How to get time difference in days since last date (lag) in R using datatable?
person_id diag_date concept_id event diff_prev_event
1: 1 2012-01-15 4265600 comorb NA secs
2: 1 2012-01-15 201820 comorb 0 secs
3: 1 2012-03-15 4265600 comorb 5184000 secs
4: 2 2012-03-15 201820 comorb NA secs
5: 2 2012-06-22 201820 comorb 8553600 secs
6: 2 2012-06-22 4265600 comorb 0 secs
我正在尝试计算每个人自上次活动以来的天数。我 运行 有两个问题。
- 时差以秒为单位显示。我需要得到日子。 (5184000 秒 = 30 天)
- 如果两天是相同的日期,那么第二个显示的是 0,而它应该查看的是不同的日期。第 5 行和第 6 行是同一日期,因此它们会有相同的日期差异。
这是我试过的代码:
dt[order(diag_date),diff_prev_event := difftime(diag_date, lag( diag_date)), by = c("person_id") ]
指定 units
library(data.table)
dt[order(diag_date),diff_prev_event := difftime(diag_date,
lag( diag_date), units = 'days'), by = c("person_id") ]

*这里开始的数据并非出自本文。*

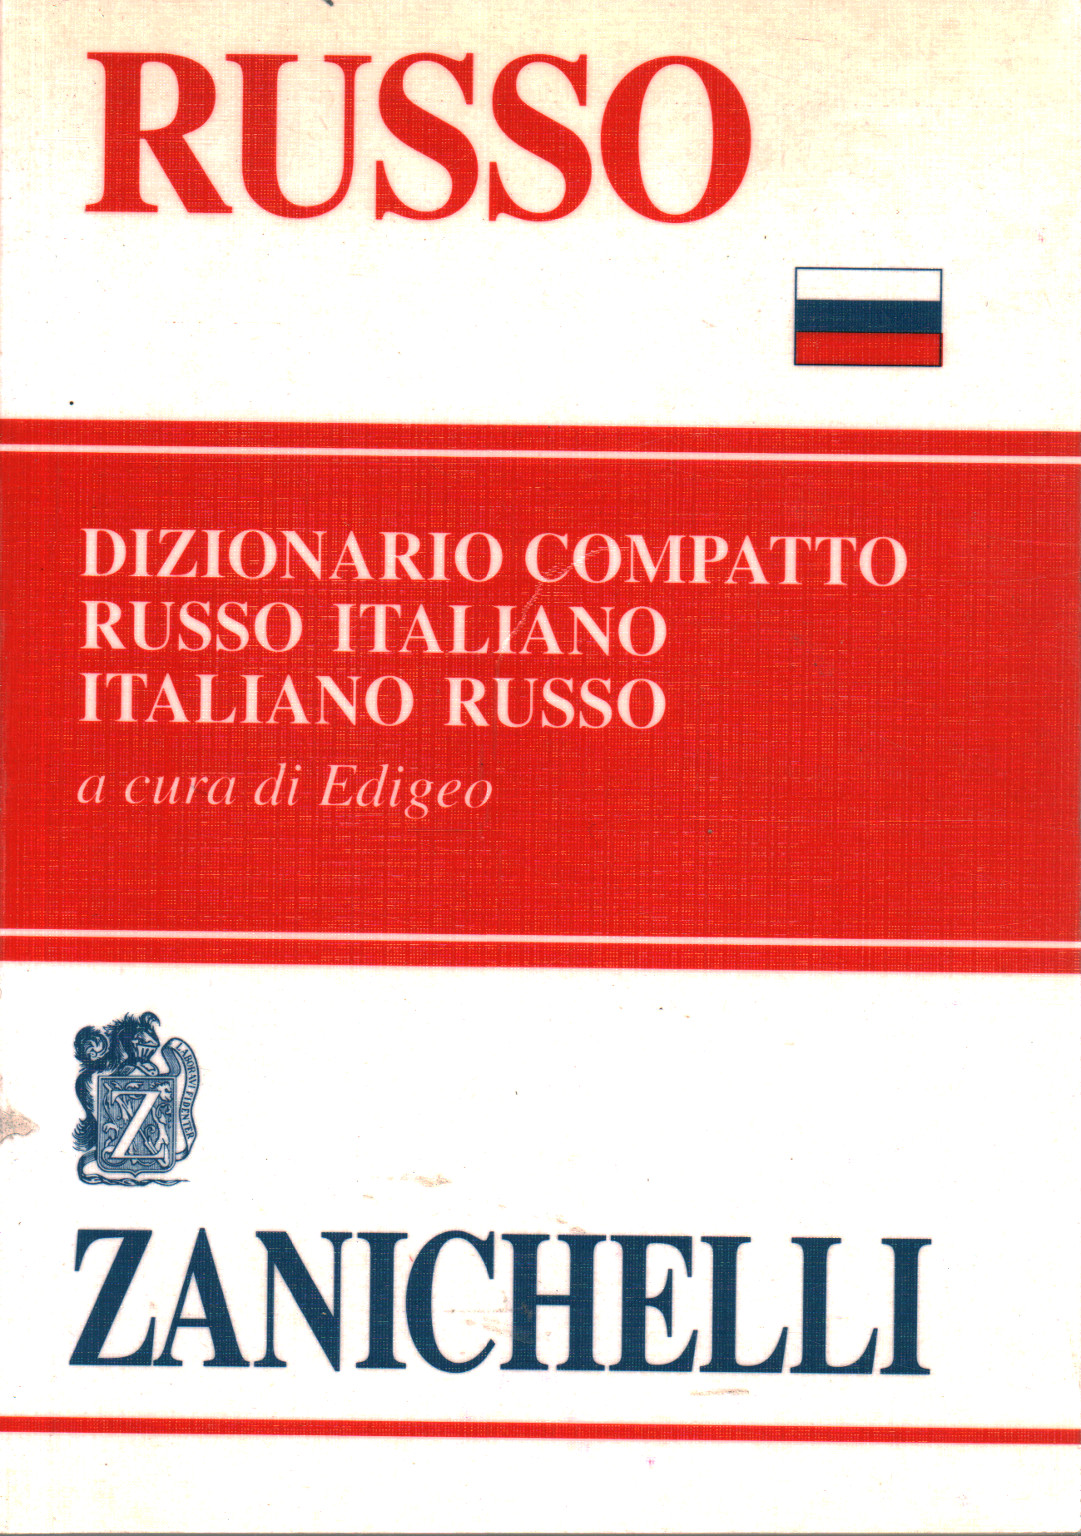 Compact dictionary. Russian Italian Italian Russian, s.a.

然后,我们按 'person_id' 和 'diag_date' 分组,如果有多于一行
,则将值更改为 max
dt[, diff_prev_event := if(.N > 1) max(diff_prev_event,
na.rm = TRUE) else diff_prev_event, .(person_id, diag_date)]
> dt
person_id diag_date concept_id event diff_prev_event
<int> <Date> <int> <char> <difftime>
1: 1 2012-01-15 4265600 comorb 0 days
2: 1 2012-01-15 201820 comorb 0 days
3: 1 2012-03-15 4265600 comorb 60 days
4: 2 2012-03-15 201820 comorb NA days
5: 2 2012-06-22 201820 comorb 99 days
6: 2 2012-06-22 4265600 comorb 99 days
-输出
数据
dt <- structure(list(person_id = c(1L, 1L, 1L, 2L, 2L, 2L), diag_date = structure(c(15354,
15354, 15414, 15414, 15513, 15513), class = "Date"), concept_id = c(4265600L,
201820L, 4265600L, 201820L, 201820L, 4265600L), event = c("comorb",
"comorb", "comorb", "comorb", "comorb", "comorb")), row.names = c(NA,
-6L), class = c("data.table", "data.frame"))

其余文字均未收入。